**First known 4x4 to 7x7 magic squares of squares**

Can a 3x3 magic square be constructed with nine
distinct square numbers? The answer is unknown today: nobody has succeeded
in constructing a 3x3 magic square of squares, and nobody has proved
that it is impossible to construct such a square. See my article in *The Mathematical
Intelligencer, *and the Powerpoint file of the lecture.

But it is possible to construct other magic squares of squares:

- Well-known 8x8 (and greater) bimagic squares are of course magic squares of squares because, by definition, they remain magic when their numbers are squared. And, as required, all their numbers are distinct because they use consecutive integers. Unfortunately, it is impossible to construct 7x7 (and smaller) bimagic squares using consecutive integers.
- Between the unknown 3x3 and the well-known bimagic 8x8 (and greater), magic squares of squares from 4x4 to 7x7 are known today as I will show in this page.
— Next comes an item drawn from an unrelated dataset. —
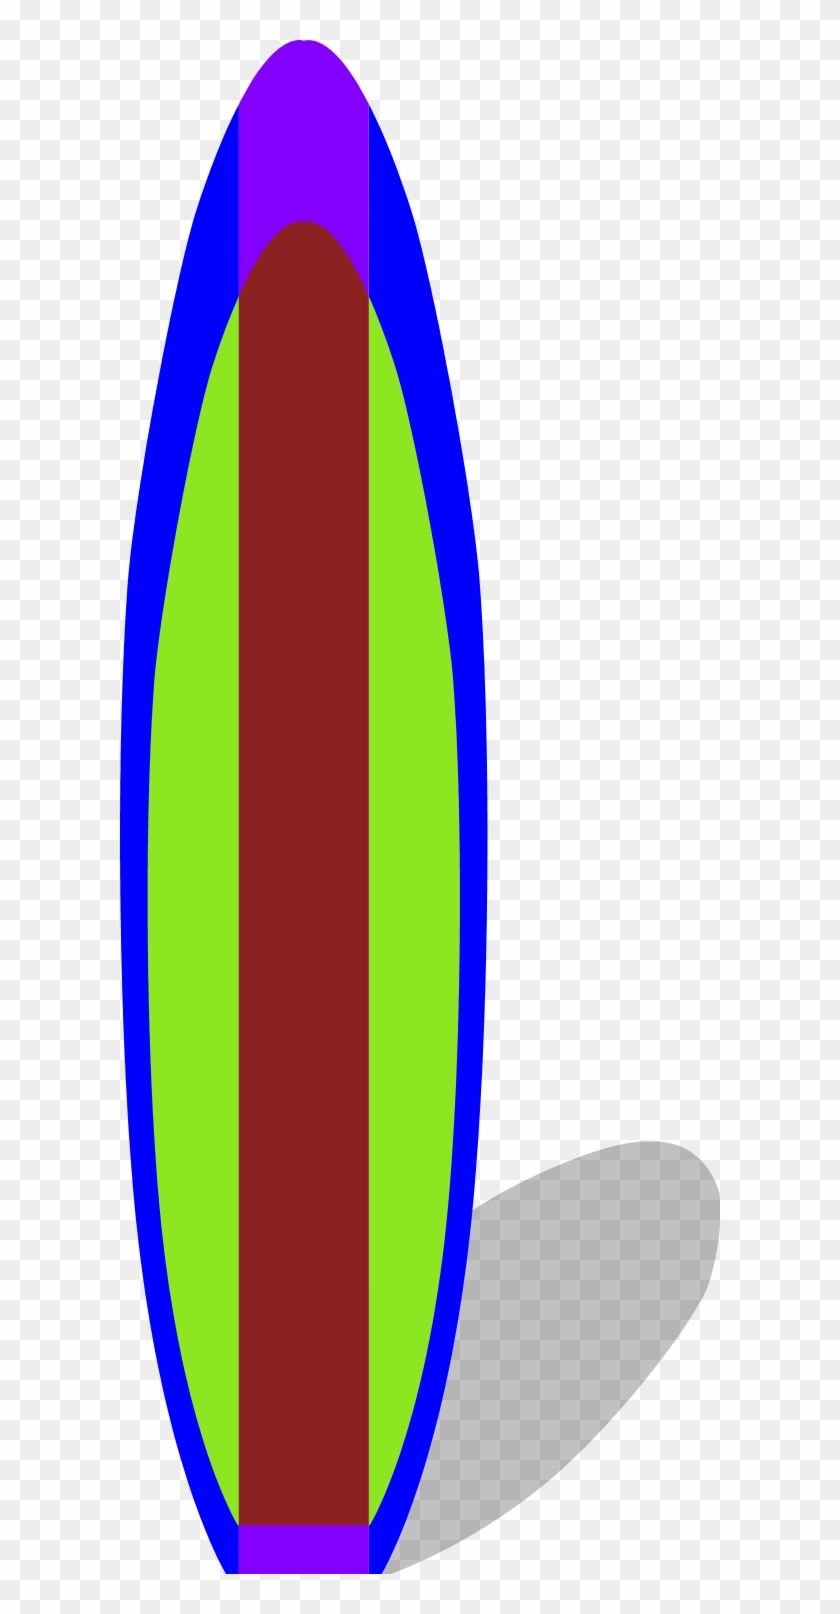 Surfboard Clip Art At Vector Clip Art Image - Surfboard Clip Art At Vector Clip Art Image #61397
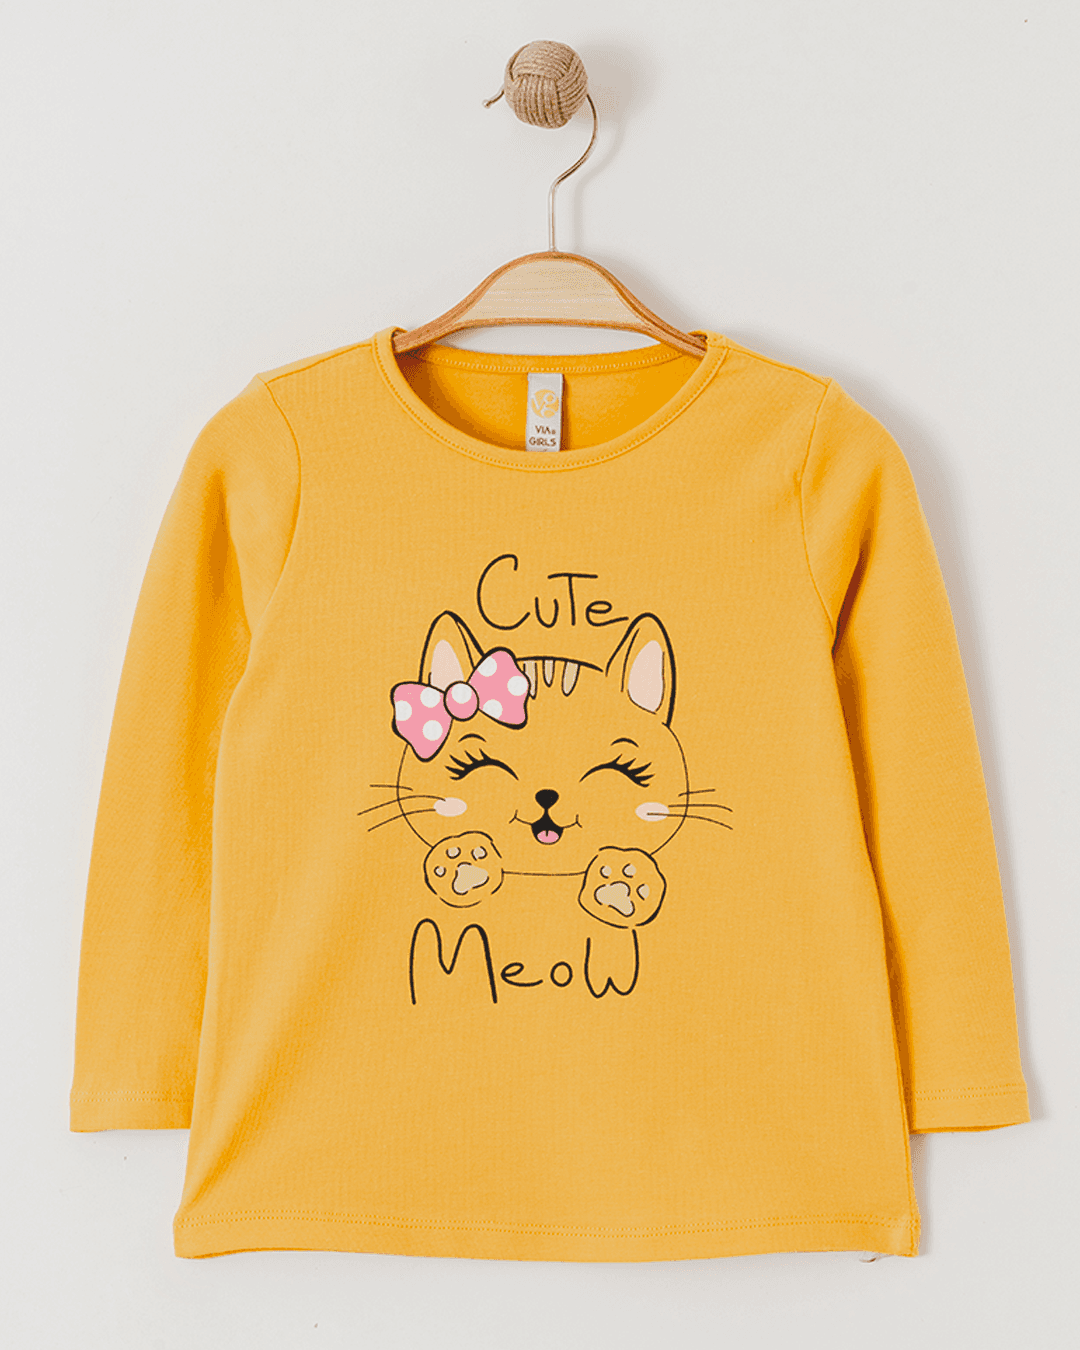 Selected image for VIA GIRLS Majica za devojčice Cute Meow, Žuta

On this subject, read also
the MathTrek article
written in June 2005 by **Ivars Peterson**:

- ...at... http://www.sciencenews.org/view/generic/id/6308/title/Math_Trek__Magic_Squares_of_Squares
- or ...at... http://www.maa.org/mathland/mathtrek_06_27_05.html

The first known magic square
of squares was sent in 1770 by **Leonhard Euler** to **Joseph Lagrange**. This is the
square LE2 fully explained and described in the *M.I. *article (and lecture slides 22 and 23).

68² |
29² |
41² |
37² |

17² |
31² |
79² |
32² |

59² |
28² |
23² |
61² |

11² |
77² |
8² |
49² |

This square can be constructed with his wonderful 4x4
parametric solution and (a, b, c, d, p, q, r, s) = (5, 5, 9, 0, 6, 4,
2, -3). Or also (5, 5, 9, 0, 2, 3, 6, –4),
giving the same square but permuted. From my *M.I.* paper published in 2005:

"The work of Euler is linked to the theory of quaternions [2] [15] [36] [37] developed later in 1843 by William Hamilton. In his (LE3) square, Euler reused an identity that he found and sent to Christian Goldbach in 1748 [21]:

(a² + b² + c² + d²)(p² + q² + r² + s²) = (ap + bq + cr + ds)² + (aq - bp - cs + dr)² + (ar + bs - cp - dq)² + (as - br + cq - dp)²

This identity also follows from the fact that the norm
of the product of two quaternions is the product of the norms. Euler first
used this identity in 1754 [17] in a partial proof that *every
positive integer is the sum or at most four square integers*,
an old conjecture announced by Diophantus, Bachet, and Fermat. Using as
a basis these partial results of Euler's, Lagrange published in 1770 [55]
the first complete proof of this four square theorem, the same year as the
letter he received with the first 4x4 magic square of squares".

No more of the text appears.